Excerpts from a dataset

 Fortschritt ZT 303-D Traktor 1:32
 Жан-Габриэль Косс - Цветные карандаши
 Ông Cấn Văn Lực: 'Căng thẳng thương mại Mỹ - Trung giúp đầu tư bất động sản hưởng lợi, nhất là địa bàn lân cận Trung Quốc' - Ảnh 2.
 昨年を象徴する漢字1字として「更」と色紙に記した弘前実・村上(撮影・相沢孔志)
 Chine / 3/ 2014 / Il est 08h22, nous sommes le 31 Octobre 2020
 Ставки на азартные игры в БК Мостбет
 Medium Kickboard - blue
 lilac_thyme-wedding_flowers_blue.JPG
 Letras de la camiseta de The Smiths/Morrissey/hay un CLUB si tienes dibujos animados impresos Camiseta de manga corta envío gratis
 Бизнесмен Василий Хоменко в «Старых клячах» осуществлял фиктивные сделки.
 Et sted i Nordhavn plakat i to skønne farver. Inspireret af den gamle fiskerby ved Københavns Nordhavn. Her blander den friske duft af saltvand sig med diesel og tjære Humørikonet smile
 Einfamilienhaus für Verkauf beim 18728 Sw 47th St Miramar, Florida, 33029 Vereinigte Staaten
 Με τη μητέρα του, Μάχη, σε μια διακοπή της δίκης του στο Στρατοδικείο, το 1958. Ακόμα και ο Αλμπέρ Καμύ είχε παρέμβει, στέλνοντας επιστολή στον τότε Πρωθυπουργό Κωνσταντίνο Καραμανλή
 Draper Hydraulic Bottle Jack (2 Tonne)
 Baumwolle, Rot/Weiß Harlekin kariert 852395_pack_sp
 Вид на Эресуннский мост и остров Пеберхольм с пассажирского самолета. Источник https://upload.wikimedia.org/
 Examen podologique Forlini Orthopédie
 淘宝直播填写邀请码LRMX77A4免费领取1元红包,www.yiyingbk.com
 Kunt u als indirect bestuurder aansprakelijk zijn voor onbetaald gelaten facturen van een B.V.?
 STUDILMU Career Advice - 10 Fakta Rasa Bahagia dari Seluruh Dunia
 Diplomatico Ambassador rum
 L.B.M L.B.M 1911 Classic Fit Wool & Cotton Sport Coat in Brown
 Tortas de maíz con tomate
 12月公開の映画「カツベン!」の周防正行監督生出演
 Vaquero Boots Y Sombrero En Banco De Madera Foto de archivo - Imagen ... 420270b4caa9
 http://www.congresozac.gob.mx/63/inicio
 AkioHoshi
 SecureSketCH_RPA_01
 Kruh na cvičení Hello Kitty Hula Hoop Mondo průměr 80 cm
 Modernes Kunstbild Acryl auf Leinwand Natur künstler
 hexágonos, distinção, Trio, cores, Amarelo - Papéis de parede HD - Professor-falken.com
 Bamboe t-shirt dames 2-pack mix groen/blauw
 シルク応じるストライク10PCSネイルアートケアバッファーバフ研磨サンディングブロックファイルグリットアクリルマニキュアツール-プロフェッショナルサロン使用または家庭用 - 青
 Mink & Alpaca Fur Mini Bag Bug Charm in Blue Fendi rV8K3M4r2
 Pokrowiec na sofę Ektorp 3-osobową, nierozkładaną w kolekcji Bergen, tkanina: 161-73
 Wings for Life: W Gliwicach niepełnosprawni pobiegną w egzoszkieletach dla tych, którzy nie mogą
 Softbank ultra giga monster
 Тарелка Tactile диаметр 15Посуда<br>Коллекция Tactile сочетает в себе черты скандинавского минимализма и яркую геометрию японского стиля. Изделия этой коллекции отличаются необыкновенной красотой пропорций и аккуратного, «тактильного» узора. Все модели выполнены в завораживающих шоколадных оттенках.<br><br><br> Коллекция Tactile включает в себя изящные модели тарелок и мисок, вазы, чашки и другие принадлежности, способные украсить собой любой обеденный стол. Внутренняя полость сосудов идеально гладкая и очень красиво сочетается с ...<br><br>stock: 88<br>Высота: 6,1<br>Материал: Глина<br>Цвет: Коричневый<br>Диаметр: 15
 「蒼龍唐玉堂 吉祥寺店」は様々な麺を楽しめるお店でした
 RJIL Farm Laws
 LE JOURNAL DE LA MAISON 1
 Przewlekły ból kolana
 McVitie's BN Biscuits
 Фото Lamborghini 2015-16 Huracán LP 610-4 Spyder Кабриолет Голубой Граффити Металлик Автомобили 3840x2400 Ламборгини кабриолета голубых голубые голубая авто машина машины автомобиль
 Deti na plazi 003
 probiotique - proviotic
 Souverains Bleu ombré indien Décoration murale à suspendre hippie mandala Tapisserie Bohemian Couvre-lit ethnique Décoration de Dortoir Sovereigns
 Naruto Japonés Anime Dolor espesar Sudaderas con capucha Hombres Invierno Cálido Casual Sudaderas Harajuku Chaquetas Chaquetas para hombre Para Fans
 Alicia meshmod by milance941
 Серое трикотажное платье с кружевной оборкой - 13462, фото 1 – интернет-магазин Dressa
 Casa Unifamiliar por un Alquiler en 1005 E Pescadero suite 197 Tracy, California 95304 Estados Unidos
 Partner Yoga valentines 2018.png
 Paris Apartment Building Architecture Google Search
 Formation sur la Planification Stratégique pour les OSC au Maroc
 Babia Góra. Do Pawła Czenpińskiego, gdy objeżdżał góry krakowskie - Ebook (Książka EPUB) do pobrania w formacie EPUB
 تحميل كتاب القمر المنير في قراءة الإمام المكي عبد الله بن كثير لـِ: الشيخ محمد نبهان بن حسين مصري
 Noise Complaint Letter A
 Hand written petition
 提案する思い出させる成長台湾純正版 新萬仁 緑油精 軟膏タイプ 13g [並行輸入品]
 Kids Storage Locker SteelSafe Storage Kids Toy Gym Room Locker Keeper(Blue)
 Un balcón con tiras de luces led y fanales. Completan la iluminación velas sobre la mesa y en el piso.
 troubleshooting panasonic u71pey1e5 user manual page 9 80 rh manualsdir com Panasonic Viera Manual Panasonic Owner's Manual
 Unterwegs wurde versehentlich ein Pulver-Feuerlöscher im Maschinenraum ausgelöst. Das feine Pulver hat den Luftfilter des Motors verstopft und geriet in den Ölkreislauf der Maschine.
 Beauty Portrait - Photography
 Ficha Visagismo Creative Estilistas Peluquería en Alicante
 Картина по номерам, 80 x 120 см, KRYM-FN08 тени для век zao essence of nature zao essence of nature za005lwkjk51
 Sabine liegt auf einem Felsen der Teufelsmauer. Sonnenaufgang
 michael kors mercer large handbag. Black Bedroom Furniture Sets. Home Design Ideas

What this task involves: Out of the data above, give again only the lines starting at the one holding "Souverains Bleu ombré" and ending at the one holding "Formation sur la", unchanged.

Response for this exercise:
 Souverains Bleu ombré indien Décoration murale à suspendre hippie mandala Tapisserie Bohemian Couvre-lit ethnique Décoration de Dortoir Sovereigns
 Naruto Japonés Anime Dolor espesar Sudaderas con capucha Hombres Invierno Cálido Casual Sudaderas Harajuku Chaquetas Chaquetas para hombre Para Fans
 Alicia meshmod by milance941
 Серое трикотажное платье с кружевной оборкой - 13462, фото 1 – интернет-магазин Dressa
 Casa Unifamiliar por un Alquiler en 1005 E Pescadero suite 197 Tracy, California 95304 Estados Unidos
 Partner Yoga valentines 2018.png
 Paris Apartment Building Architecture Google Search
 Formation sur la Planification Stratégique pour les OSC au Maroc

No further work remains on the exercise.